Why I Love Yossy’s Carrot Cake
This whole cake comes together in less than 15 minutes and is so easy that my 10-year-old daughter can help out, too. It’s tender, moist, and packed with warmly spiced flavor. I also love how versatile it is: Yossy recommends topping it with crème fraîche, honey whipped cream, or a maple honey glaze, but I love cream cheese frosting so I whipped some up while my cake cooled. I even added a little maple syrup to give it another complementary flavor.
In addition to the topping, Yossy also offers several ways to riff on the flavors of the cake. You can switch up the type of citrus zest, or sub in golden raisins for the dates. She also offers instructions on how to make muffins, round cakes, or a cast iron skillet cake, which I’ve also tried and it works beautifully.
The best part? All the cakes in her book are this easy to make. It’s a great book for people who like to have a little sweet around without having to commit to making a layer cake with frosting. Whether you’re a beginner baker or an experienced one, you’ll love how little you have to do to get a big, delicious pay-off.
Yossy Arefi's Best Carrot Cake Recipe
This impossibly easy carrot cake only takes one hour to whip up.
Nutritional Info
Ingredients
- 1
lemon
- 1/2 cup
sugar
- 2
large eggs
- 3/4 cup
neutral oil, like canola or grapeseed
- 1 teaspoon
ground cardamom
- 1/2 teaspoon
ground cinnamon
- 1/4 teaspoon
freshly grated nutmeg
- 3/4 teaspoon
kosher salt
- 3/4 cup
all-purpose flour
- 1/2 cup
whole wheat flour
- 1 1/2 teaspoons
baking powder
- 1/2 teaspoon
baking soda
- 2 cups
peeled and grated carrots
- 1/2 cup
chopped pitted dates
- 3/4 cup
chopped toasted pecans, divided
Flaky salt, to finish (optional)
Instructions
Position a rack in the center of your oven and preheat the oven to 350ºF. Butter or coat an 8-inch square baking pan with nonstick spray. Line the pan with a strip of parchment paper that hangs over two of the edges.
Zest the lemon directly into a large bowl and add the sugar and eggs. Whisk the mixture until pale and foamy, about 1 minute. Add the oil, cardamom, cinnamon, nutmeg, and kosher salt. Whisk until smooth and emulsified.
Add the all-purpose flour, whole wheat flour, baking powder, and baking soda and whisk until well-combined and smooth. Then use a rubber spatula to fold in the grated carrots, dates, and 1/2 cup of the pecans.
Pour the batter into the prepared pan, tap the pan gently on the counter to release any air bubbles, and smooth the top of the batter with an offset spatula. Sprinkle the remaining 1/4 cup pecans and a few flakes of flaky salt, if desired, over the top of the cake.

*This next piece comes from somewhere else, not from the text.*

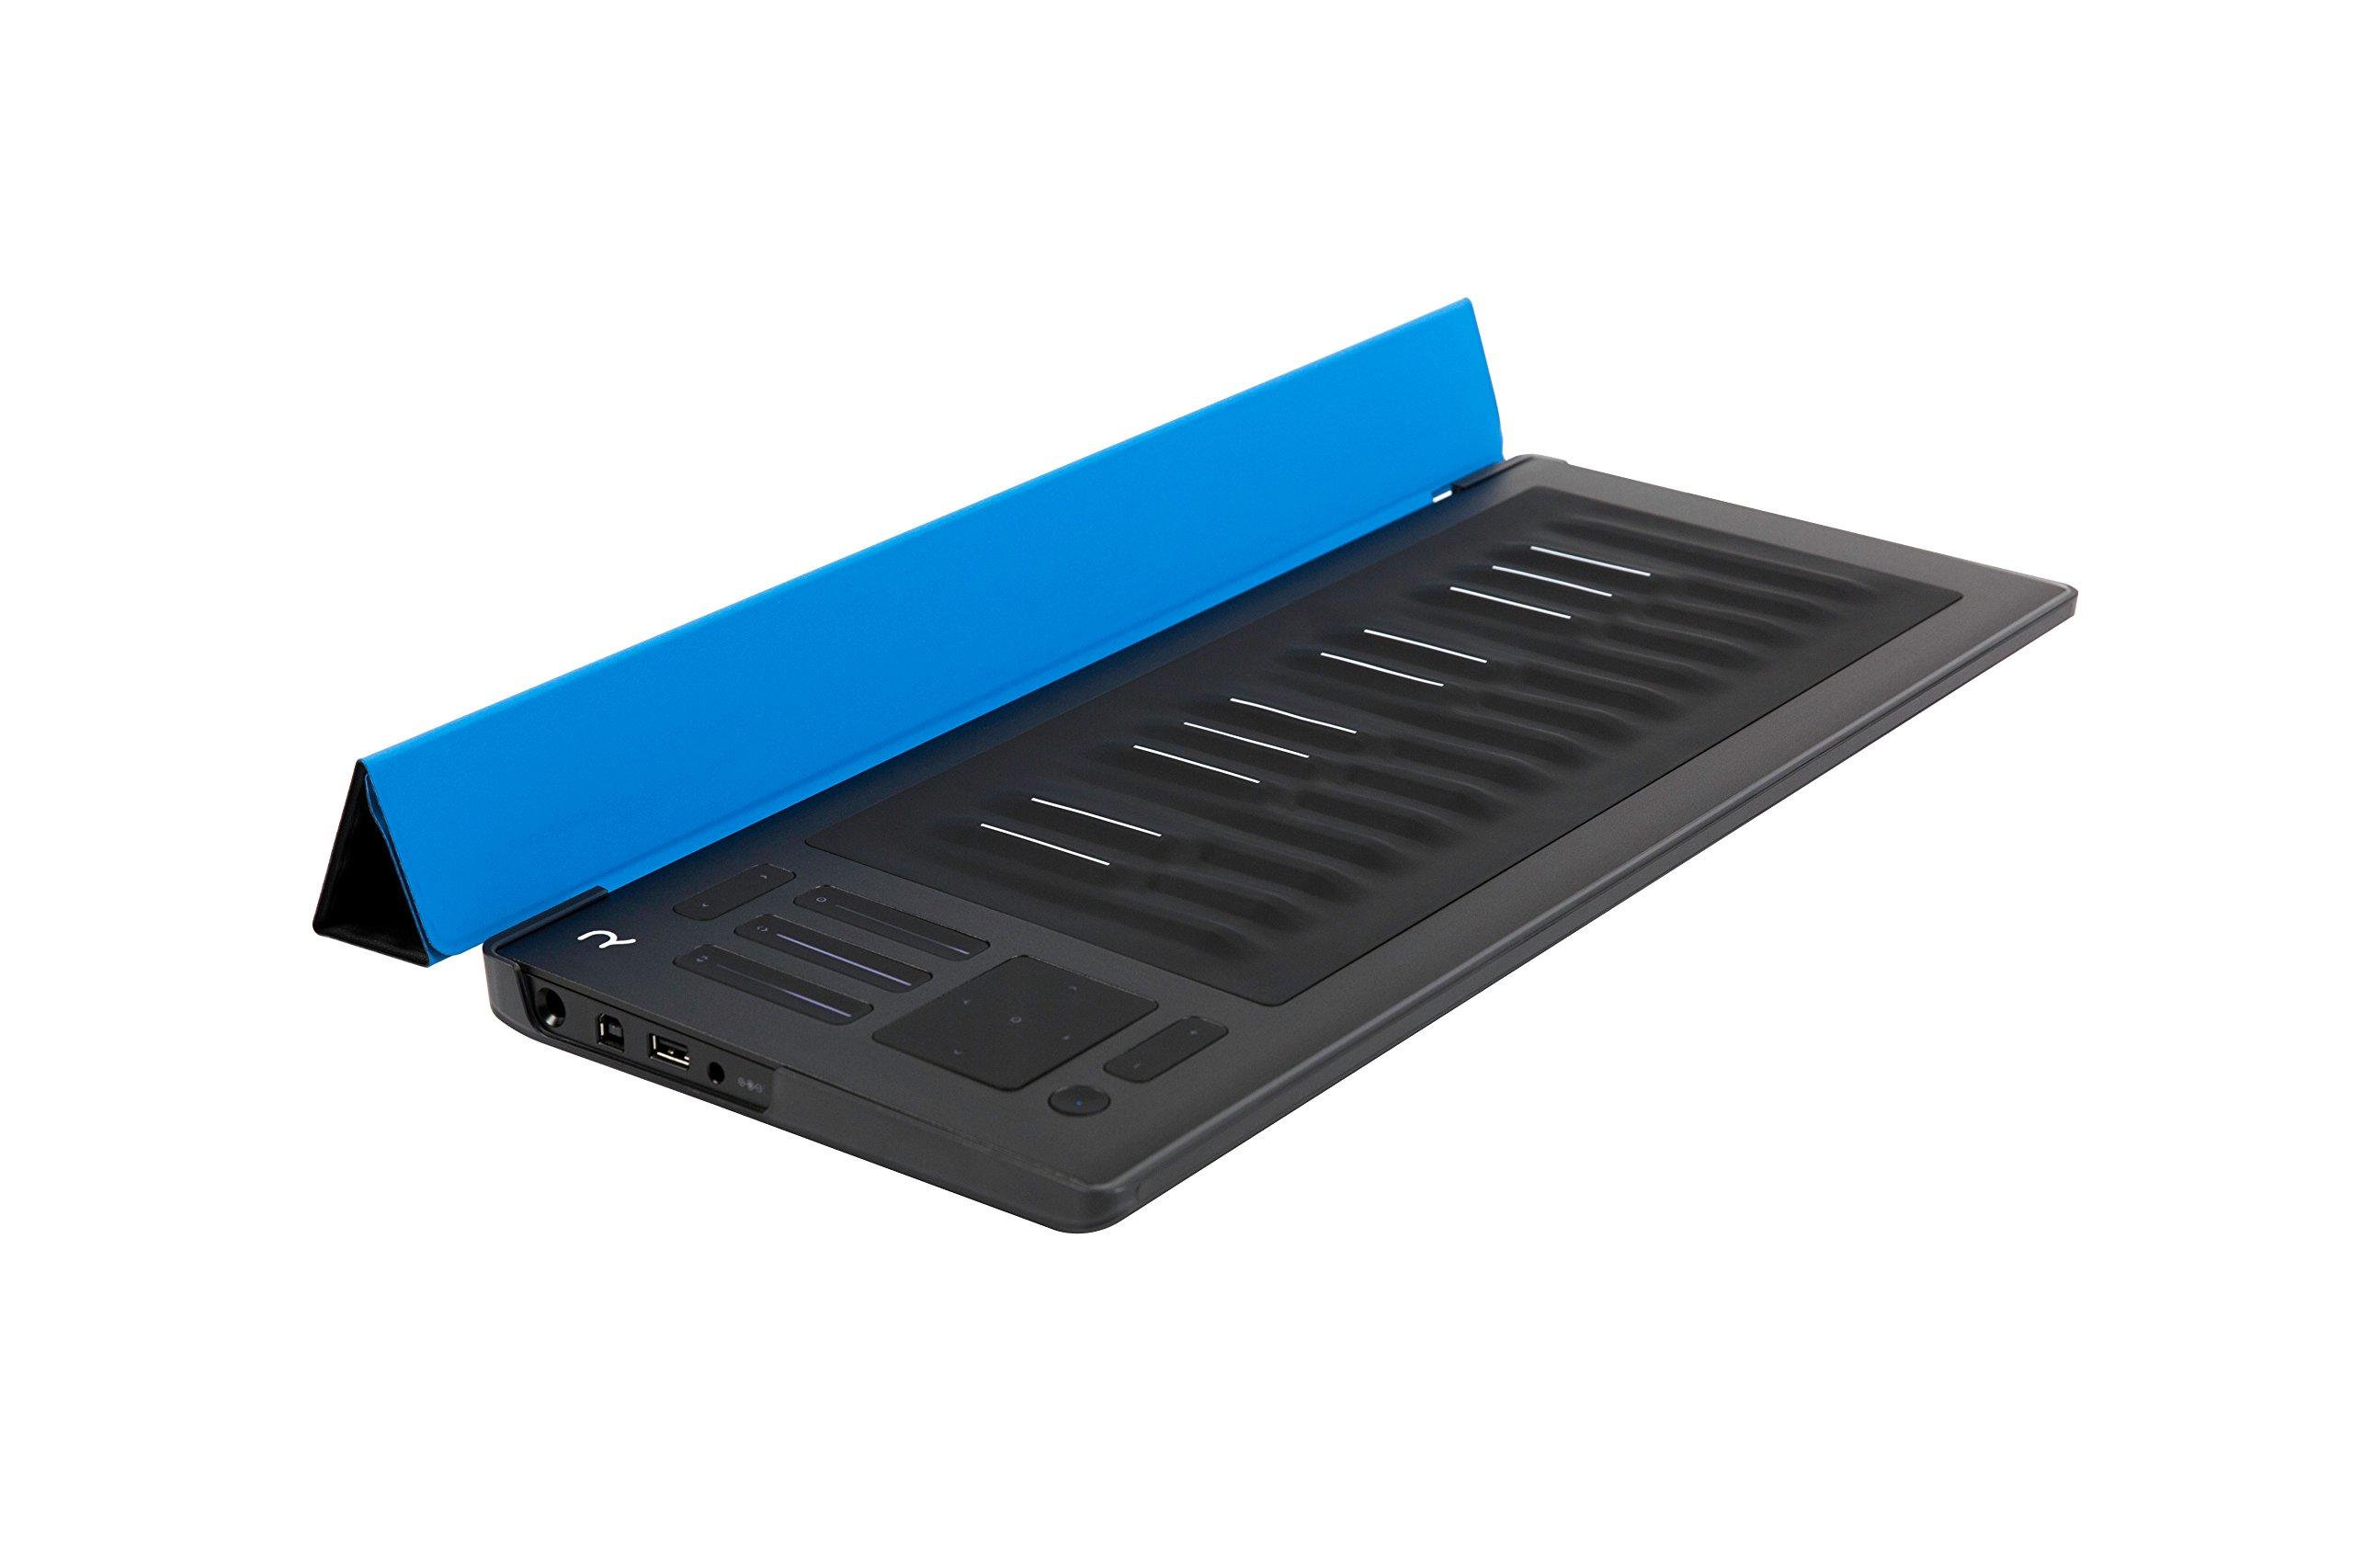 ROLI Seaboard RISE 25 MIDI Controller with Flip Case in Sky Blue

Bake the cake until puffed and golden, and a tester inserted into the center comes out clean, 30 to 40 minutes. Set the pan on a rack to cool for about 15 minutes. Then use the parchment paper to lift the cake out of the pan and set it on the rack to cool completely. (Store the cake, well wrapped, at room temperature for up to three days.)
Recipe Notes
Use Another Pan:
Cupcakes: Bake in a cupcake tin lined with paper liners, filling them no more than halfway full, until puffed and golden, and a tester inserted into the center comes out clean, 12 to 18 minutes. Makes 12 to 18 cupcakes.

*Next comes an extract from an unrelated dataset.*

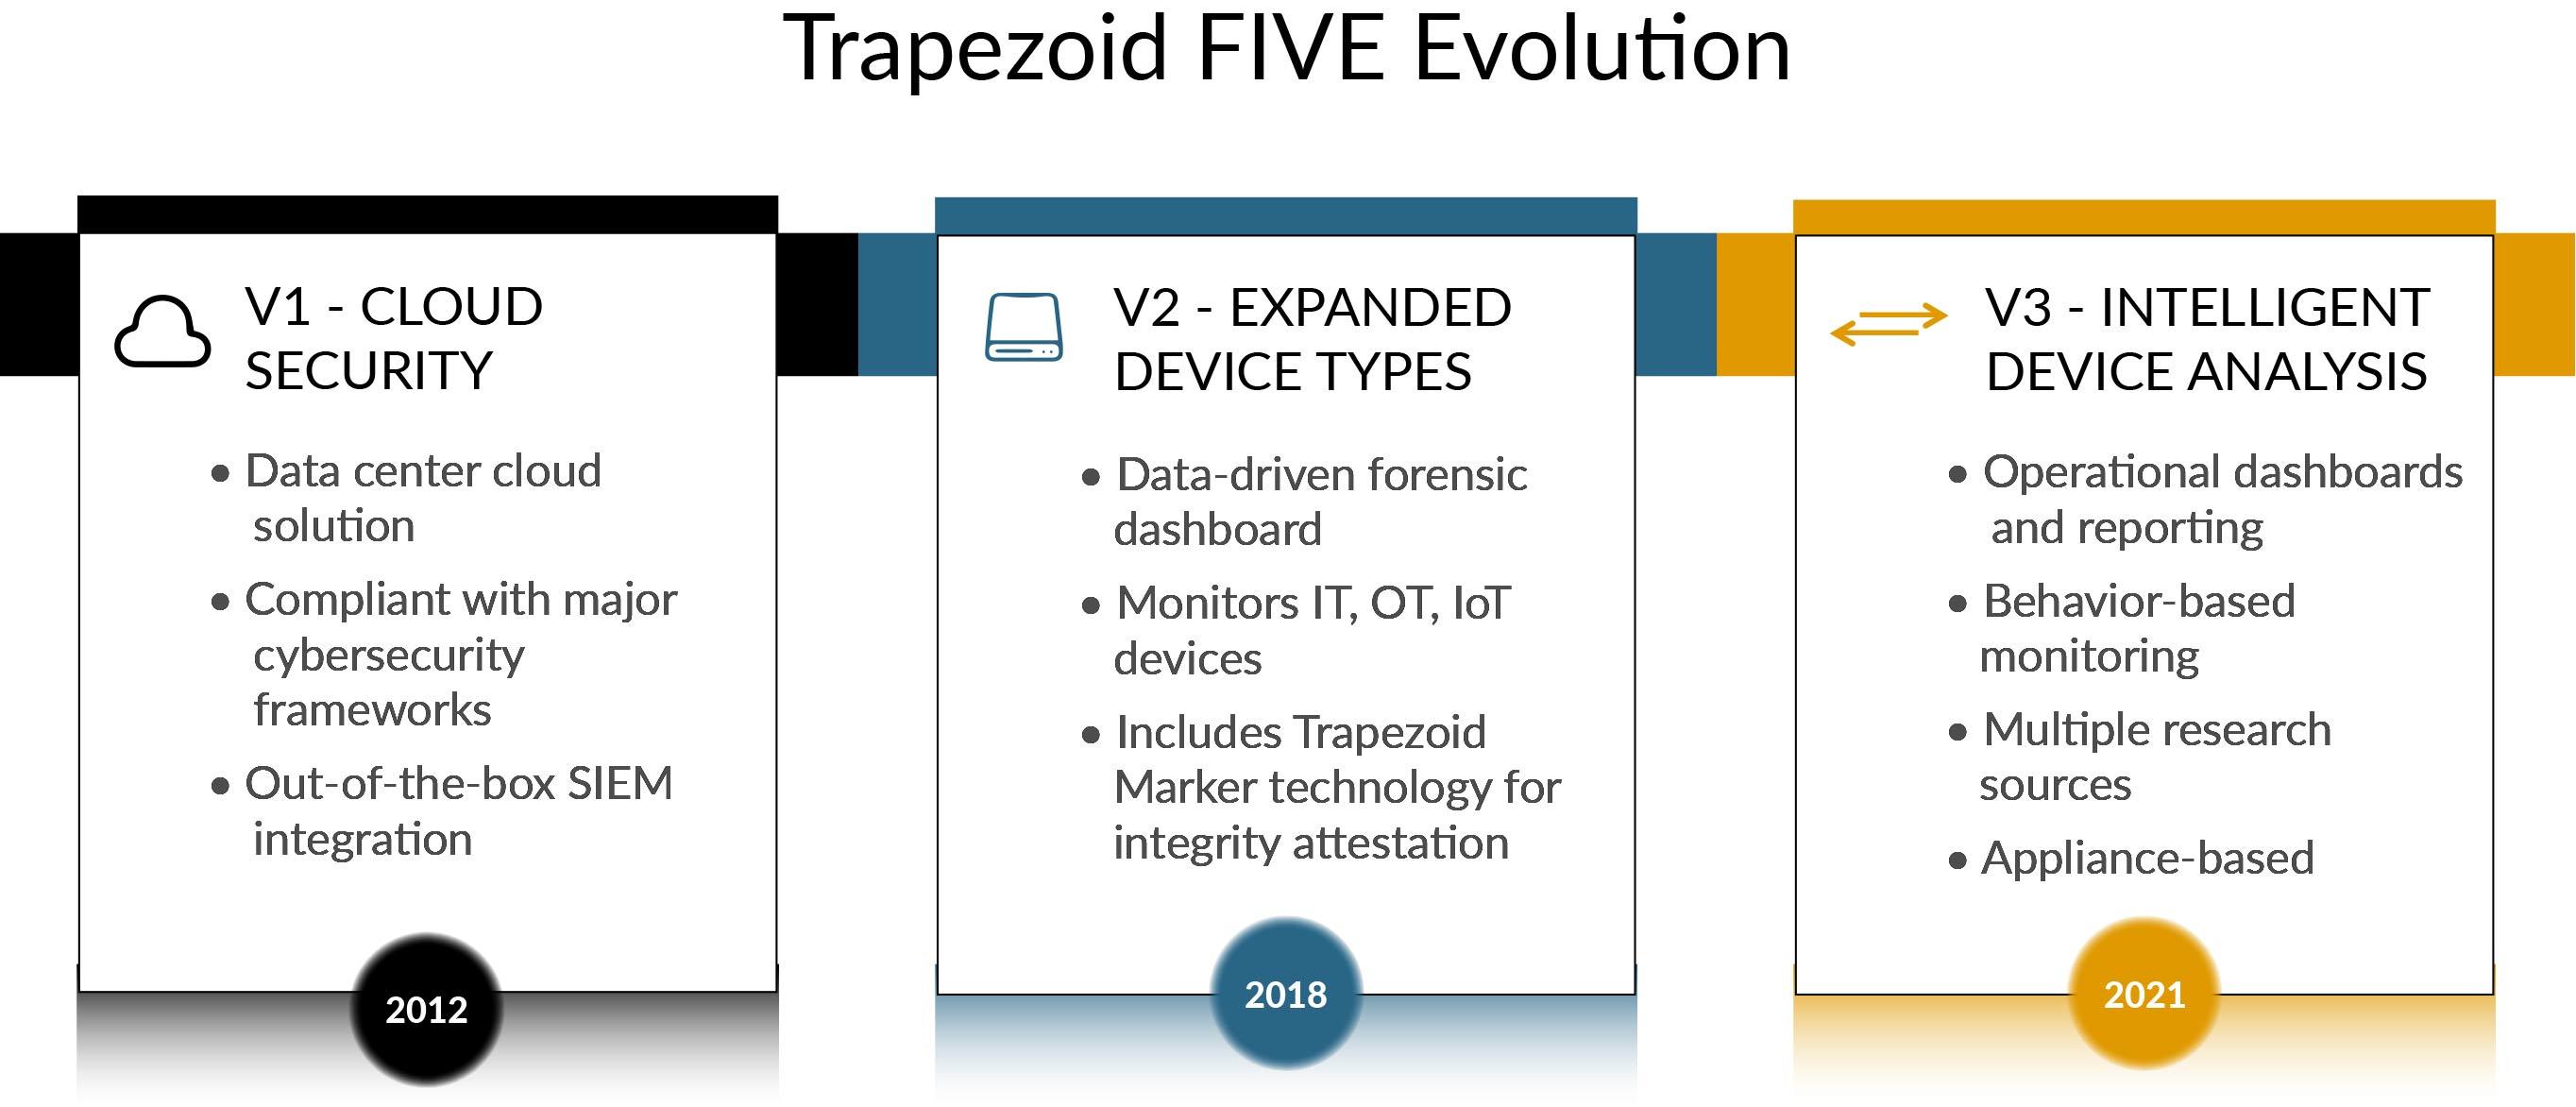 Trapezoid FIVE Evolution

Round: Bake in a 9-inch round pan until puffed and golden, and a testerinserted into the center comes out clean, 30 to 40 minutes.
Skillet: Bake in a generously buttered 9-inch oven-safe skillet until puffed and golden, and a tester inserted into the center comes out clean, 30 to 40 minutes.
Flavor Variations:
Carrot, raisin, and walnut cake: Substitute orange zest for lemon, an equal amount of raisins for the dates, and walnuts for the pecans.